Vaxevanis wins press award, says would go to jail for beliefs

Investigative journalist Costas Vaxevanis, who published a version of the so-called Lagarde list of wealthy Greek depositors last October, insisted that it had been his duty to publish the controversial list after receiving the 2012 Index on Censorship Journalism in London late on Thursday.

In his acceptance speech, the text of which was published on Friday in The Guardian which sponsored the award, Vaxevanis said he was prepared to go to jail for his journalistic beliefs. Following his acquittal of violating data privacy laws in Octber, the publisher of the magazine Hot Doc faces a retrial on June 6 after a public prosecutor appealed the decision.
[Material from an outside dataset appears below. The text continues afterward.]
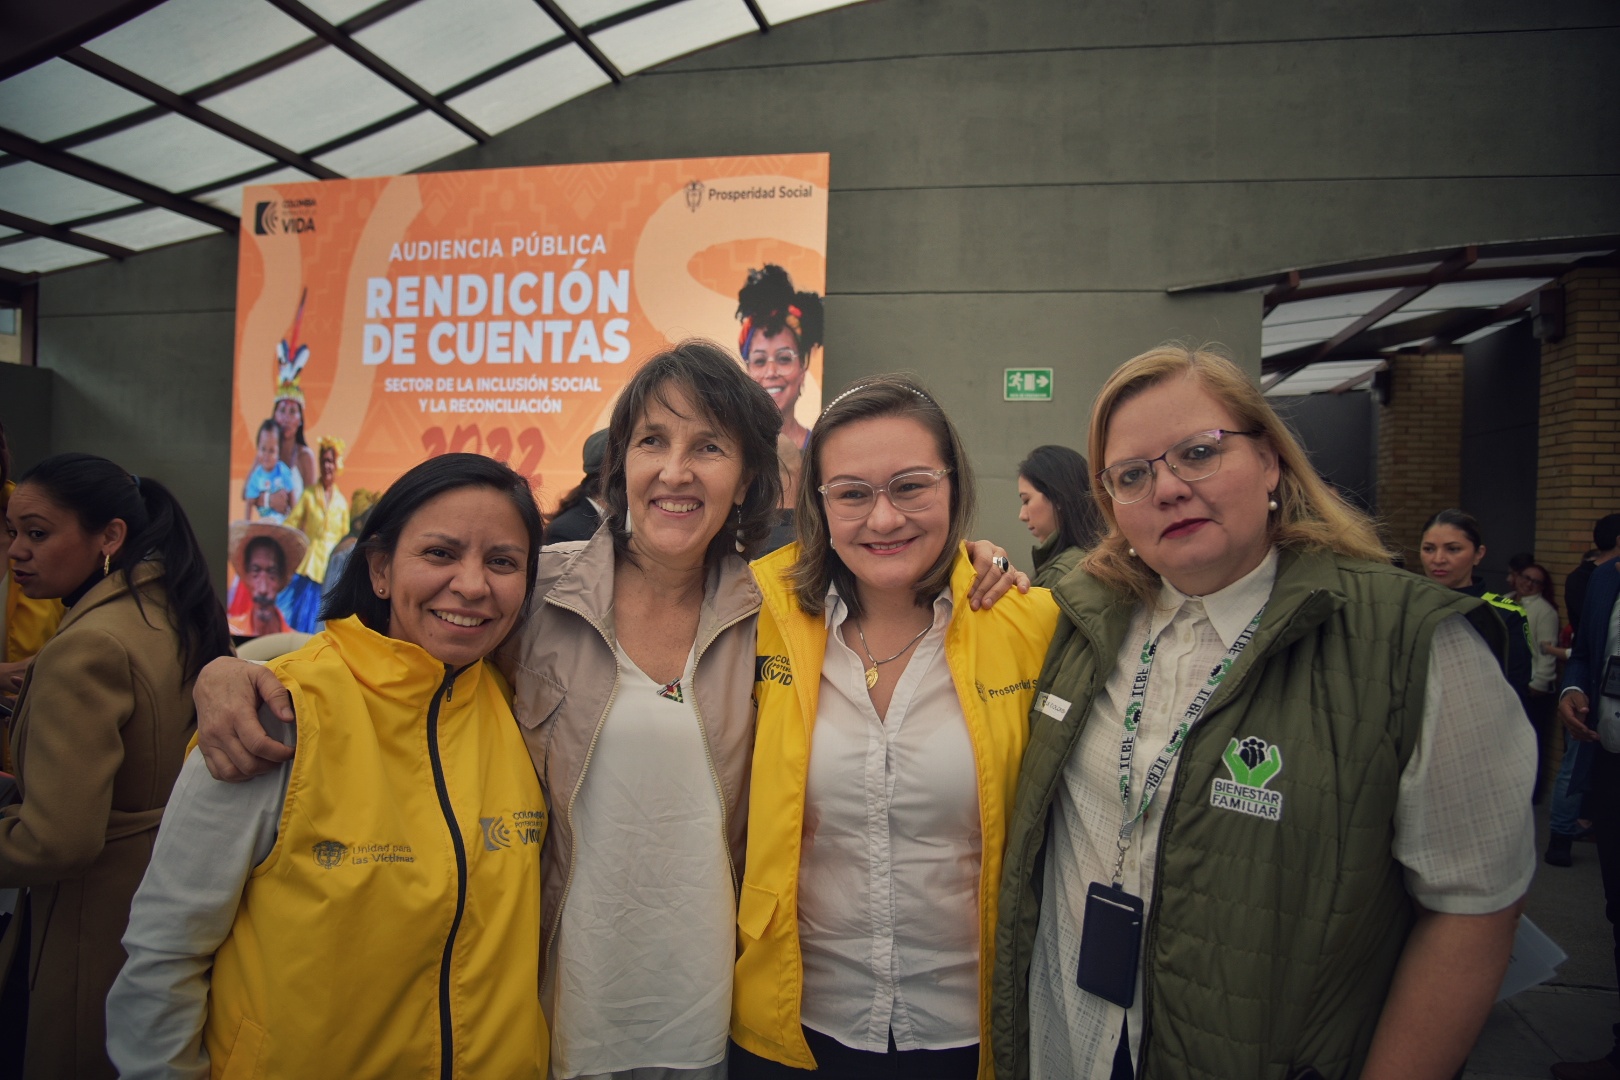 De izquierda a derecha: Patricia Tobón, directora de la UARIV; María Gaitán, directora del CNMH; Cielo Rusinque, directora de Prosperidad Social, y Astrid Cáceres, directora del ICBF.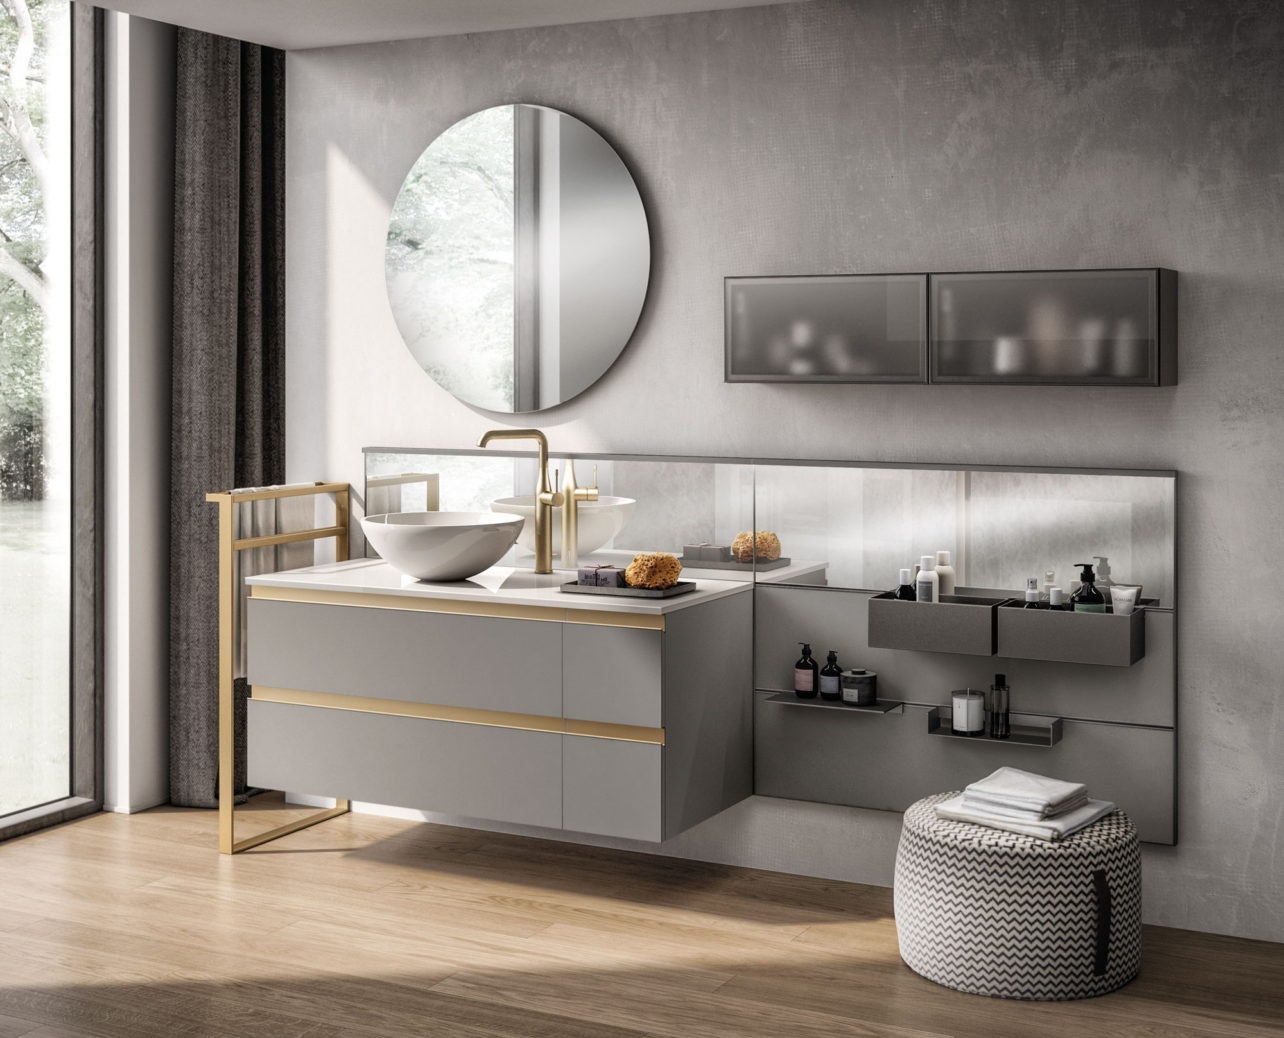 Мебель для ванной из коллекции Tratto от Scavolini дизайн Vuesse. Навесная тумба выполнена в лакированной отделке “Серый...

“I want to state that if I am going to be convicted I will not appeal but I will ask to be put in jail,” Vaxevanis said. “I want to be a journalist in a country that is not afraid of the truth,” he added, pointing to close ties between the Greek media and the political class that “muzzles” objective journalism. “Media barons work in close partnership with the political system. They define what is legal and what should become known to the public,” Vaxevanis said.

At the awards ceremony on Thursday night, Kirsty Hughes, the Index’s chief executive officer praised Vaxevanis for “standing up to an economic and political elite who want to close down debate on one of the biggest crises in Europe’s history.”